Google Links First-Ever Zero-Day Discovery to AI-Assisted Hacking

Google’s Threat Intelligence Group says it has, for the first time, found evidence that a criminal group used artificial intelligence to help discover and weaponize a zero-day vulnerability, adding a concrete case study to mounting concerns about AI’s role in cybersecurity.

In a report published Monday, the Google Threat Intelligence Group (GTIG) detailed how it disrupted a planned mass exploitation campaign built around a previously unknown software flaw. The company did not name the threat actor, but described it as a “prominent” cybercrime group.

The incident centres on a zero-day vulnerability buried inside a Python script. Zero-days are serious security gaps in software or hardware that are unknown to the vendor, leaving developers with “zero days” to fix them before attackers can take advantage.

According to Google’s analysis, the exploit would have allowed attackers to bypass two-factor authentication on a popular, open-source, web-based system administration tool. The specific product was not identified. Even with the bypass, the hackers would still have needed valid user credentials for the attack to succeed, Google noted.

GTIG says it worked with the affected vendor to disclose and address the flaw before the cybercriminals could deploy it at scale. Google believes it successfully prevented the vulnerability from being used in the planned mass campaign.

What makes the case stand out is Google’s assessment of how the exploit was created. The company says it has “high confidence” that an AI model helped the attackers both find and weaponize the vulnerability. That judgment is based on the style and structure of the exploit code rather than direct access to attacker tooling.

In its report, Google points to several hallmarks it associates with output from modern large language models (LLMs):

• An “abundance of educational docstrings” embedded in the script.
• A “hallucinated” CVSS score, a made-up severity rating that resembles formal vulnerability scoring but does not correspond to an established reference.
• A structured, “textbook” Python format characteristic of LLM training data, including detailed help menus.
• Use of a clean _C ANSI colour class, which the report describes as aligning with code patterns commonly seen in LLM-generated examples.

Those features collectively led GTIG to conclude that a generative AI system likely assisted the attackers in discovering and packaging the exploit. Google also says it does not believe its own Gemini model was involved, though it does not identify which AI system it suspects was used.

The finding arrives as advanced AI models designed specifically for security work are themselves under the microscope. Anthropic’s Mythos model, in particular, has drawn attention for its potential to uncover vulnerabilities in code and for the company’s decision to restrict access.
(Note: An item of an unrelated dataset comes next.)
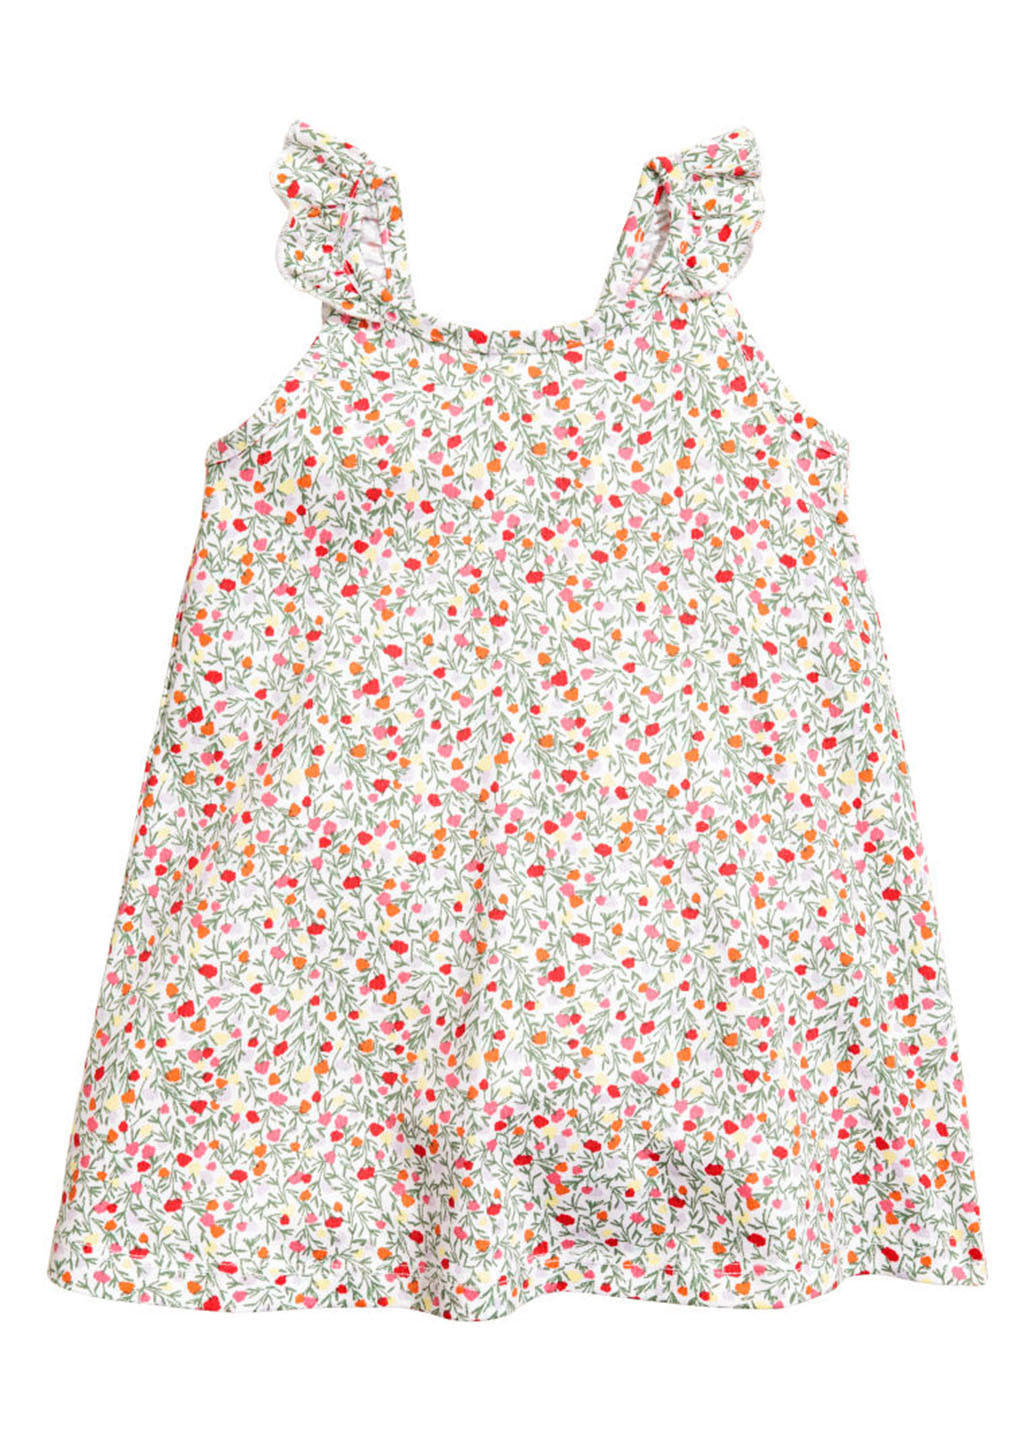 Комбинированная цветочной расцветки блузка H&M летняя
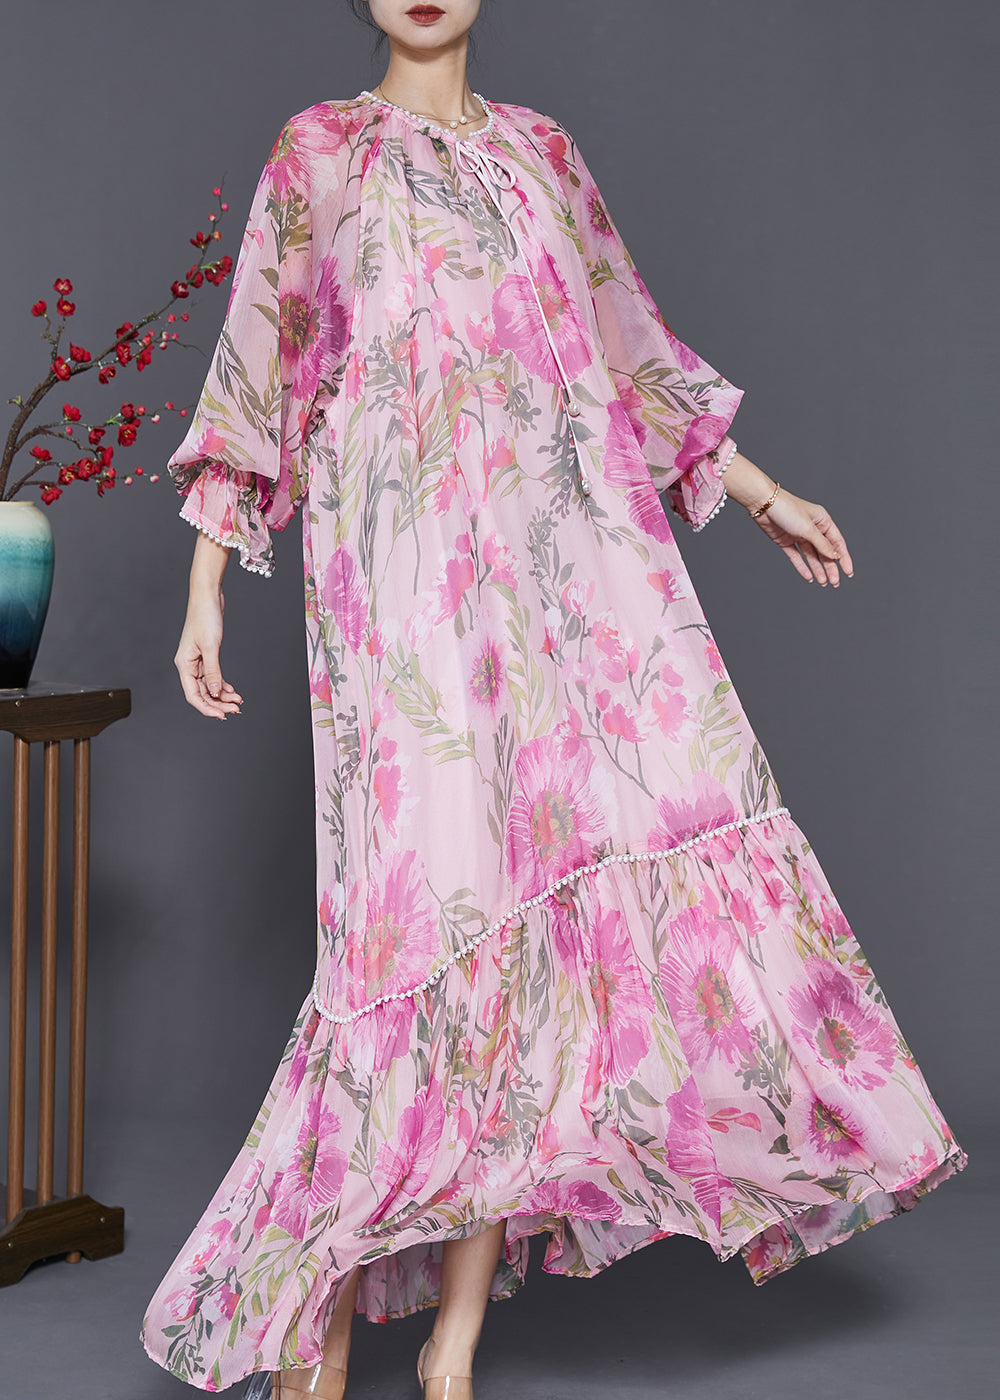 Stylish Pink Oversized Print Chiffon Maxi Dresses Spring

Mythos has been released only to a select set of companies, organisations, and governments through a controlled program aimed at helping them test and strengthen their cybersecurity. That limited rollout has sparked broader policy interest. The report notes that the restricted release created enough of a stir that it pushed the Trump administration to consider easing tensions with Anthropic in order to secure agreements with more AI companies, giving the U.S. government opportunities to review certain models before they are released widely.

Even so, some security professionals question whether Mythos lives up to the hype. Curl lead developer Daniel Stenberg offered a sceptical view after taking part in Anthropic’s Project Glasswing, an initiative where organisations can submit code for Mythos to analyse for security issues.

Stenberg says his team received a report from Anthropic listing five “confirmed security vulnerabilities” in Curl’s codebase. On closer examination, they concluded that only one of those issues was both legitimate and previously unknown. The rest, by their assessment, did not meet that bar.

In a blog post, Stenberg described the surrounding excitement about Mythos as largely a “successful marketing stunt,” arguing that he has seen no compelling evidence that the system finds security issues at a meaningfully higher level than existing tools. In his view, the outcomes so far do not clearly surpass other vulnerability detection approaches that predate Mythos.

Those mixed results underscore a central tension: the same AI capabilities that can assist developers and defenders in spotting subtle bugs or misconfigurations can also help attackers automate research, explore edge cases in complex systems, and rapidly prototype exploits. Google’s latest finding adds a concrete example of that risk, at least as the company interprets the evidence.

For now, GTIG’s account stops short of naming the targeted software, the attackers, or the AI system involved. But by publicly linking a real-world zero-day case to AI-assisted discovery, Google is signalling that this is no longer a purely theoretical scenario. The debate over how to govern powerful AI models and who gets to probe them before public release is likely to intensify as more such incidents come to light.